WHAT NEEDS TO BE DONE: Will you transcribe all the entries word for word, skipping the pictures they hold?

RECORDED INFORMATION:
..............................
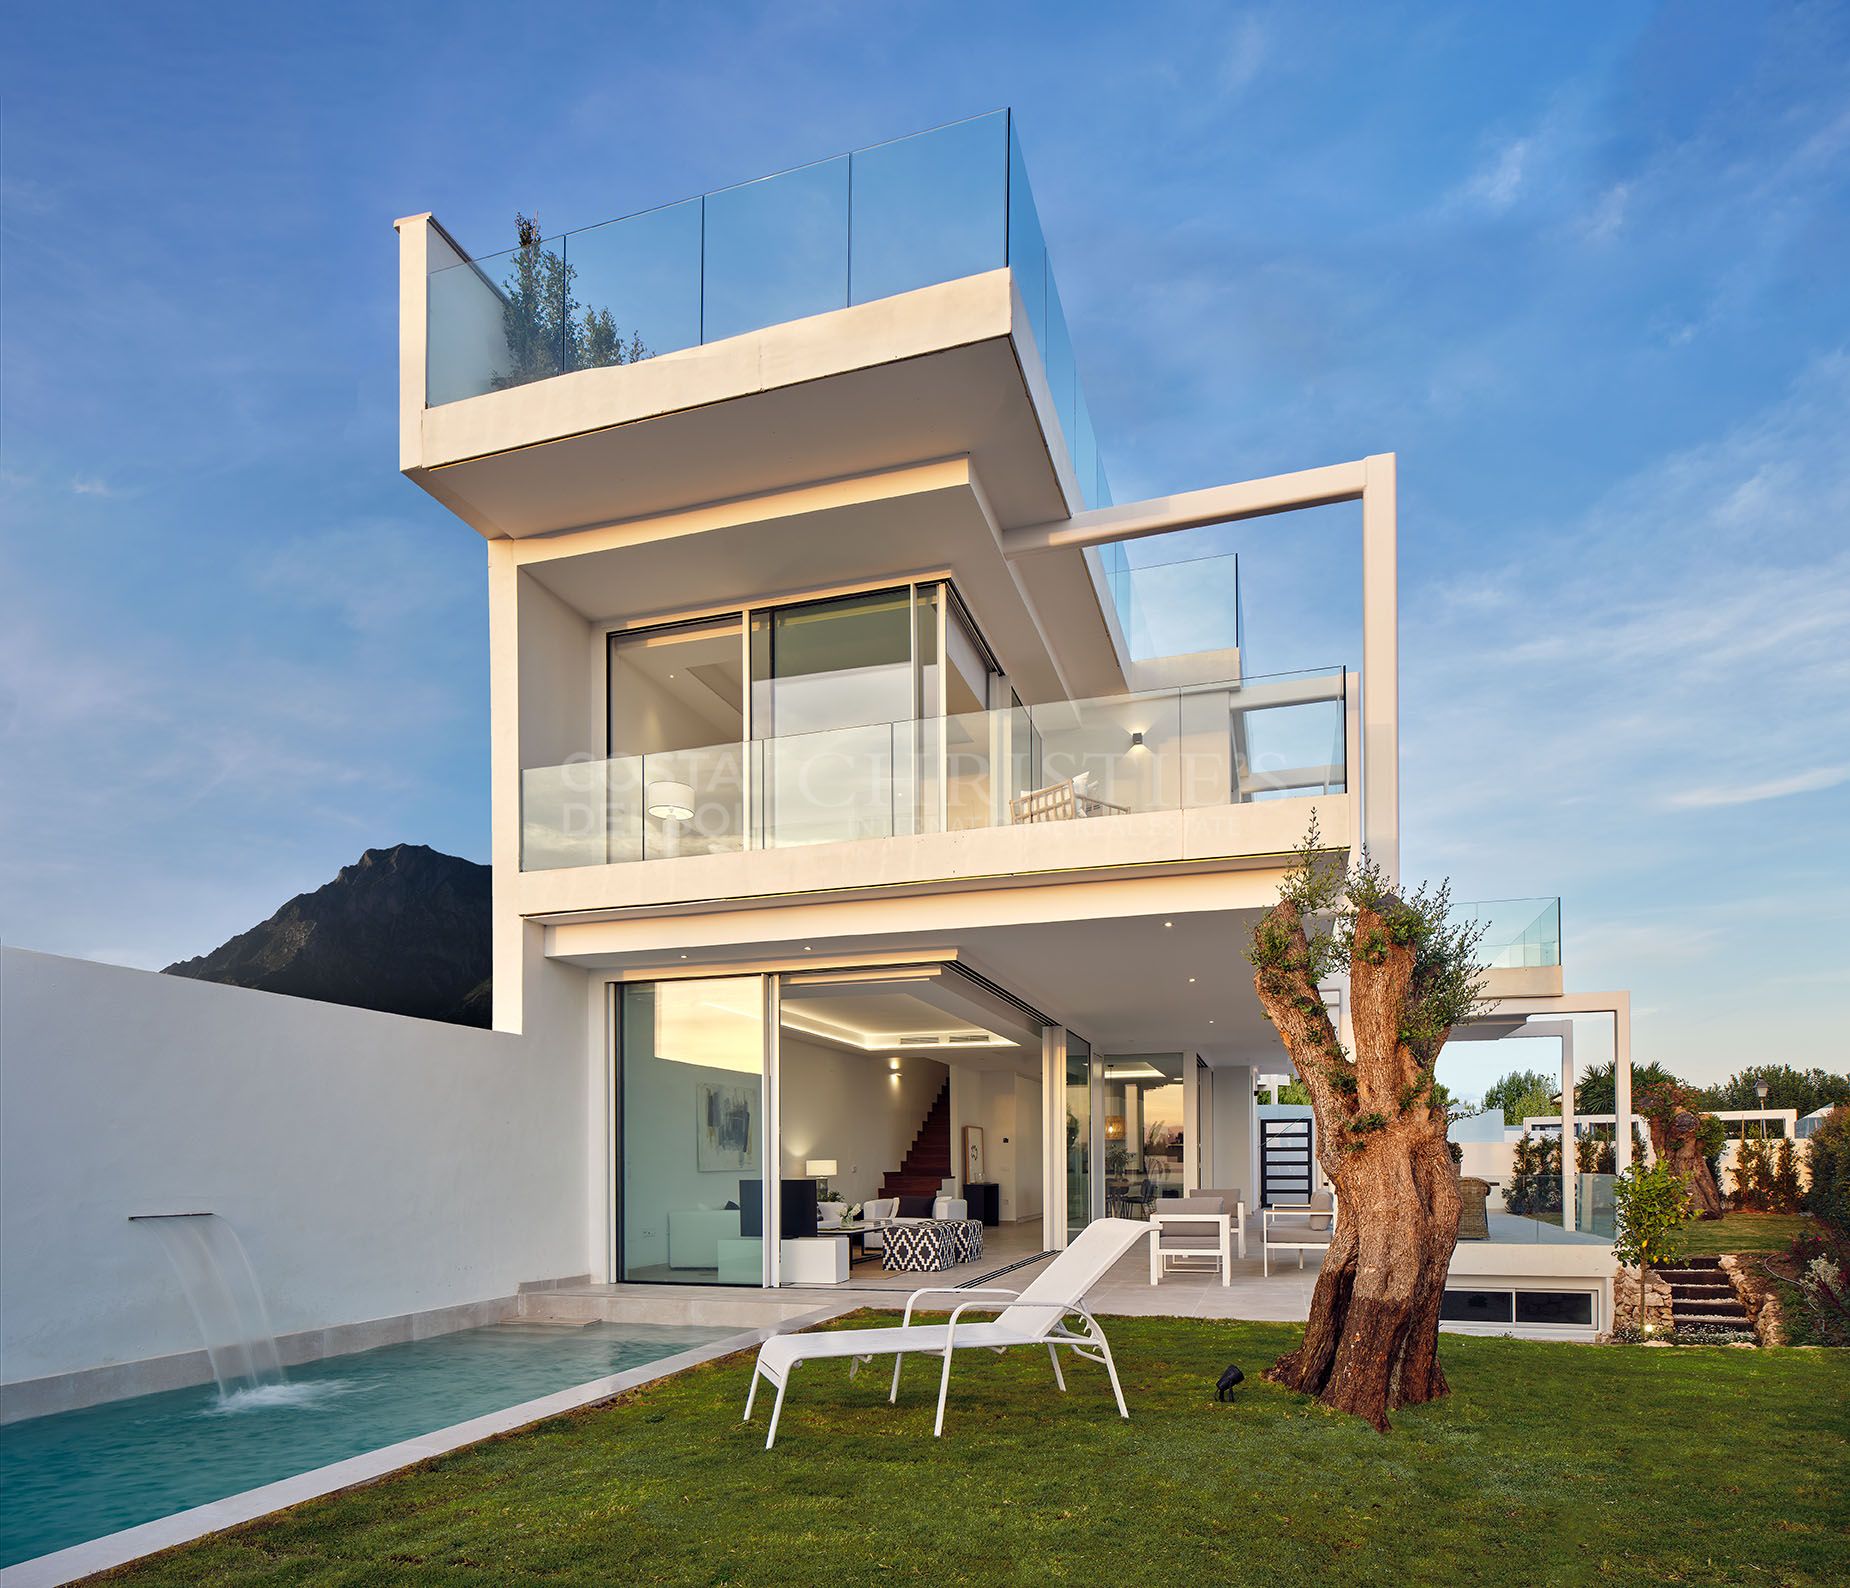 Jazmines 14, Monte Paraiso Country Club, Marbella Gouden Mijl - Nieuw dynamisch project in de buurt van Monte Paraiso | Christie’s International Real Estate
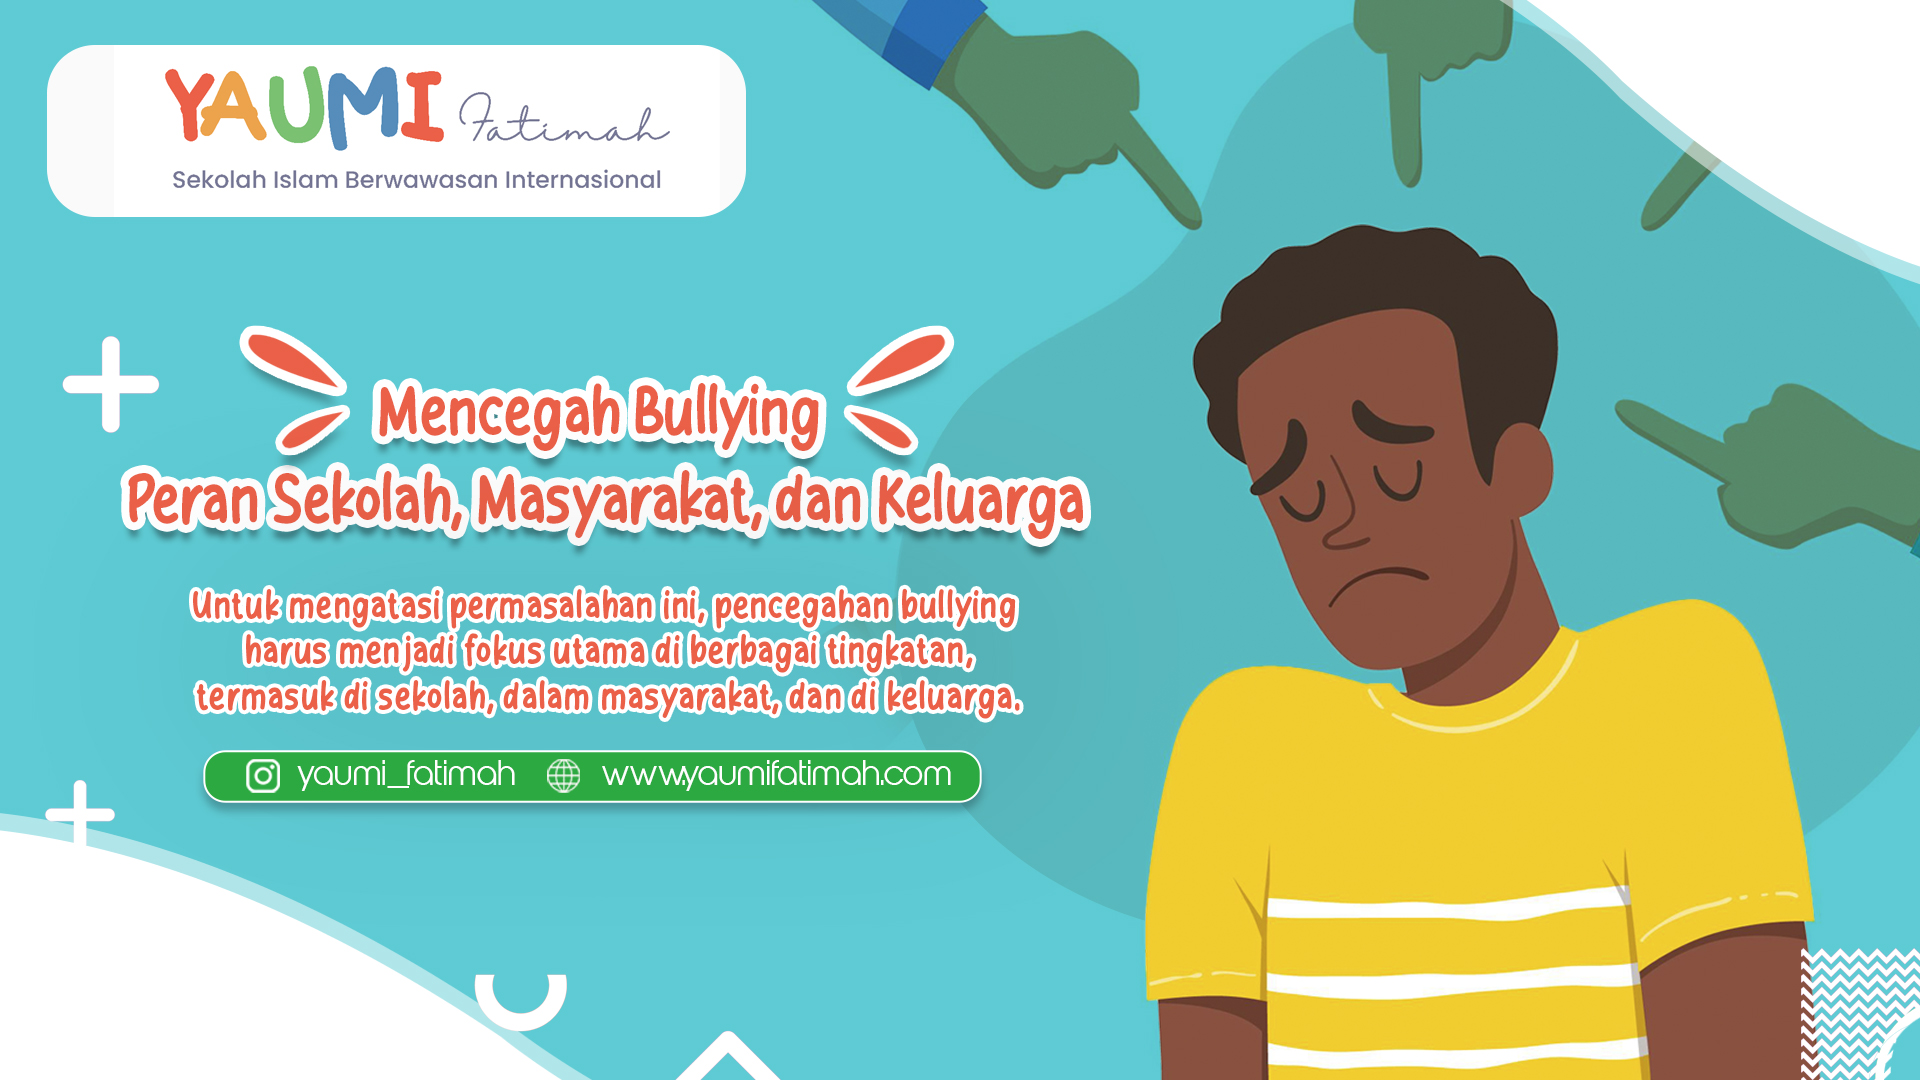 Mencegah bulliying
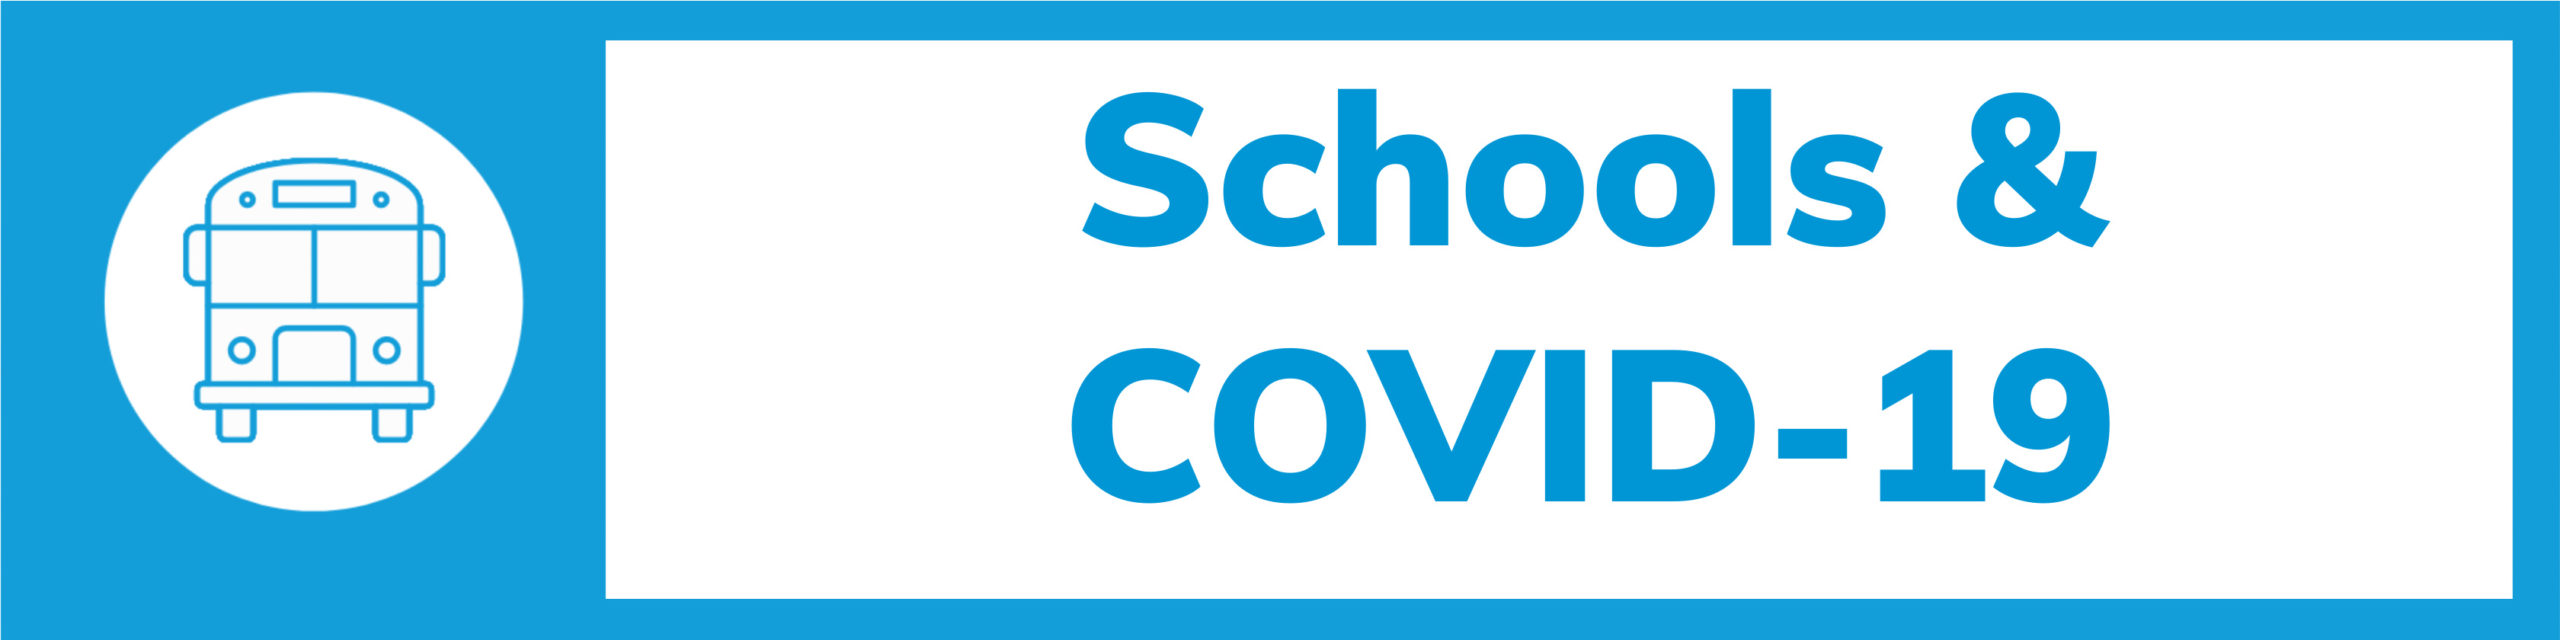 schools and covid-19
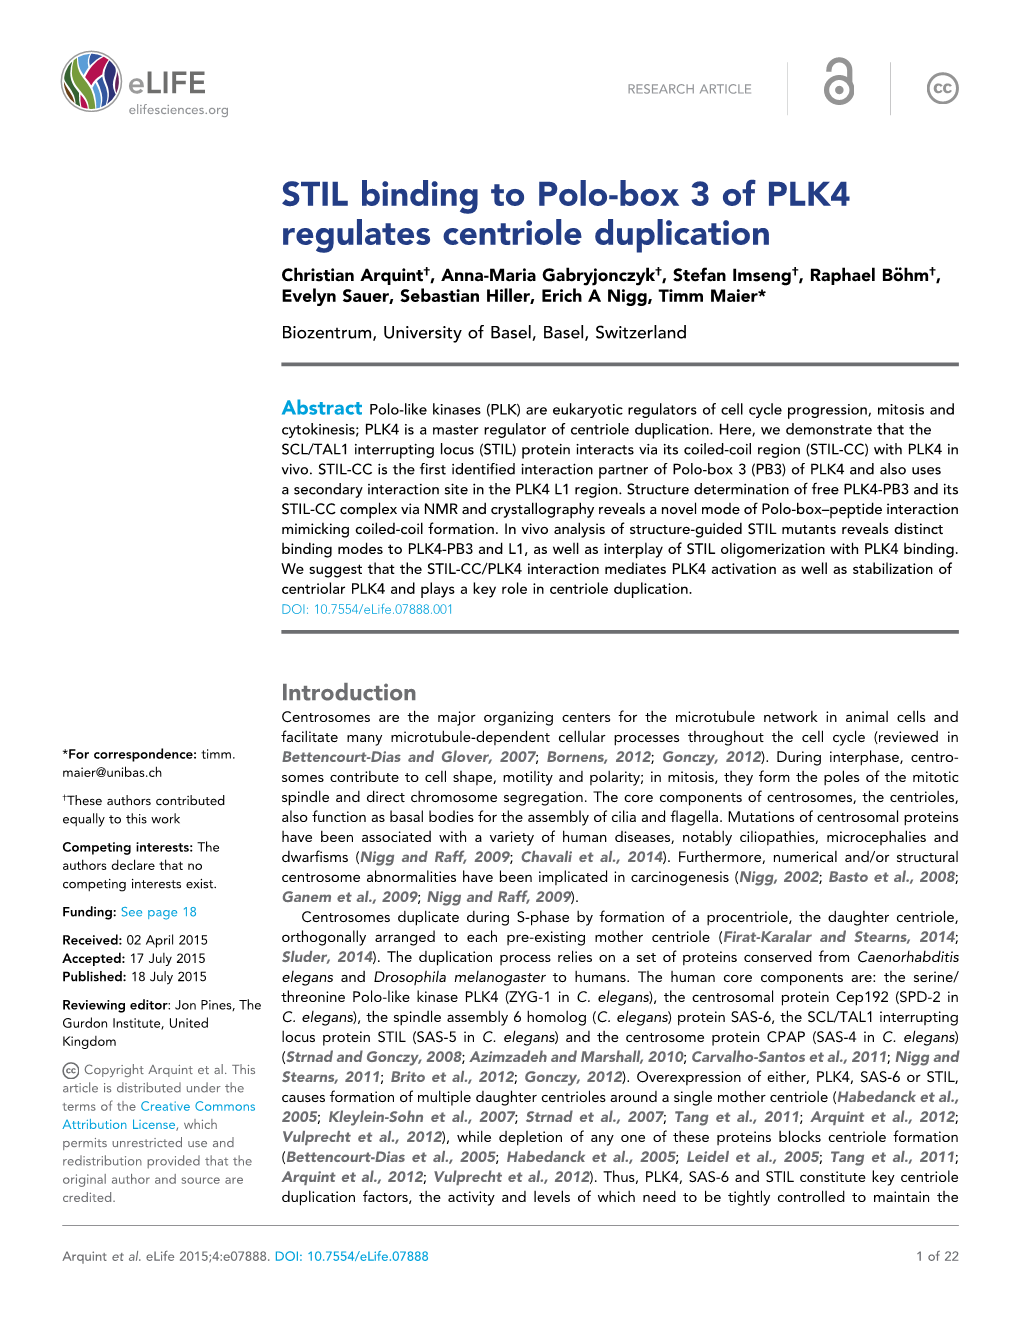 STIL Binding to Polo-Box 3 of PLK4 Regulates Centriole Duplication
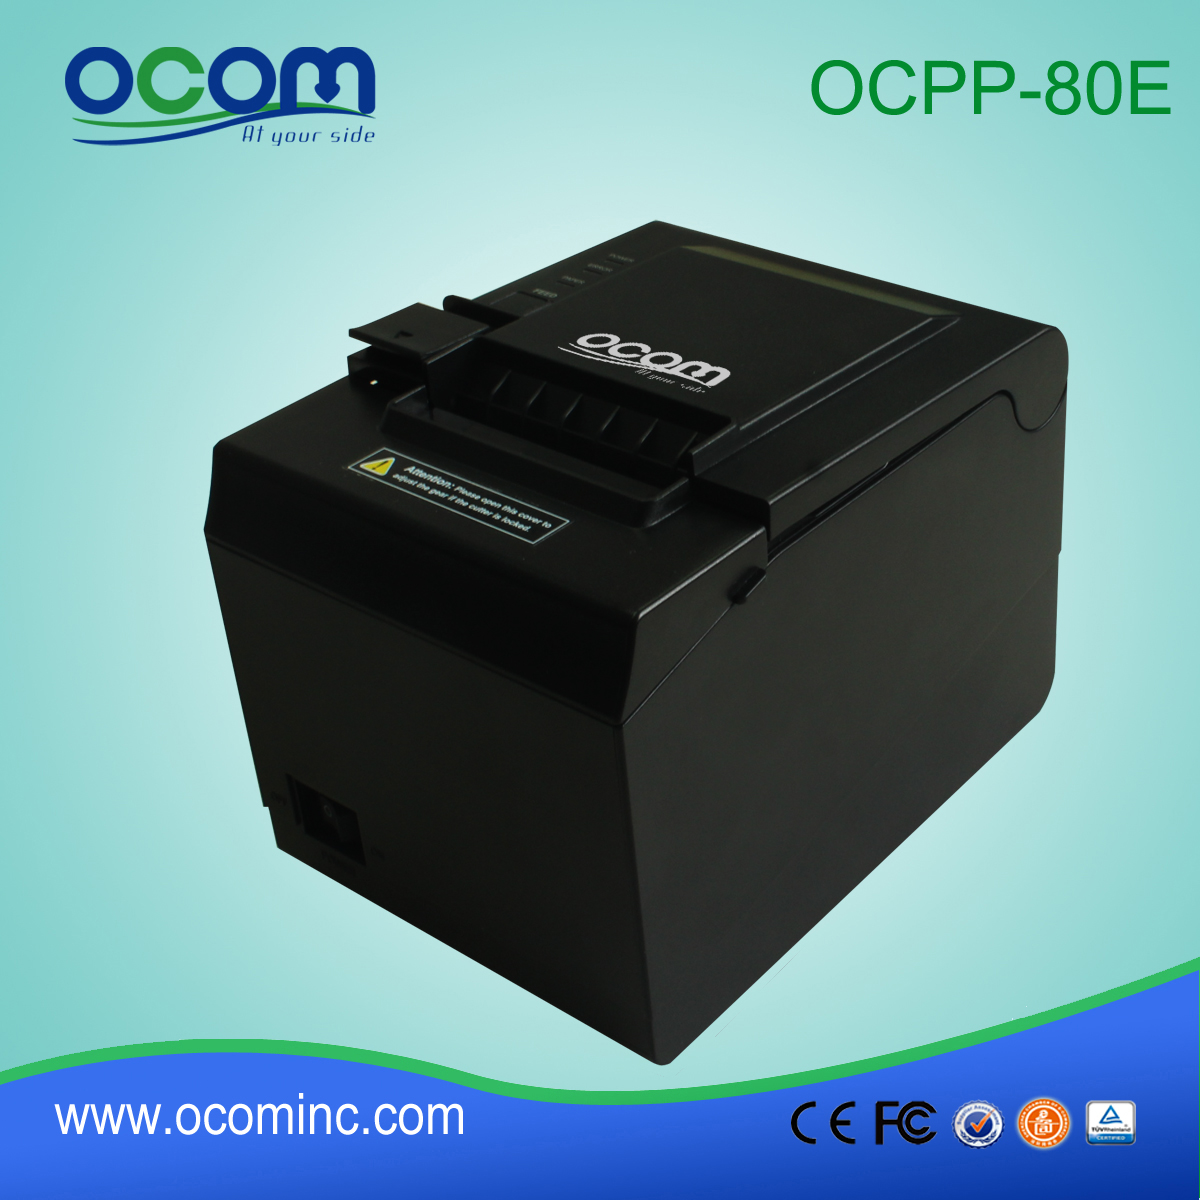 OCPP-80e 80 mm bus ticket imprimante Epson Barcode imprimante thermique
..............................
TASK RESPONSE:
 Jazmines 14, Monte Paraiso Country Club, Marbella Gouden Mijl - Nieuw dynamisch project in de buurt van Monte Paraiso | Christie’s International Real Estate
 Mencegah bulliying
 schools and covid-19
 STIL Binding to Polo-Box 3 of PLK4 Regulates Centriole Duplication
 OCPP-80e 80 mm bus ticket imprimante Epson Barcode imprimante thermique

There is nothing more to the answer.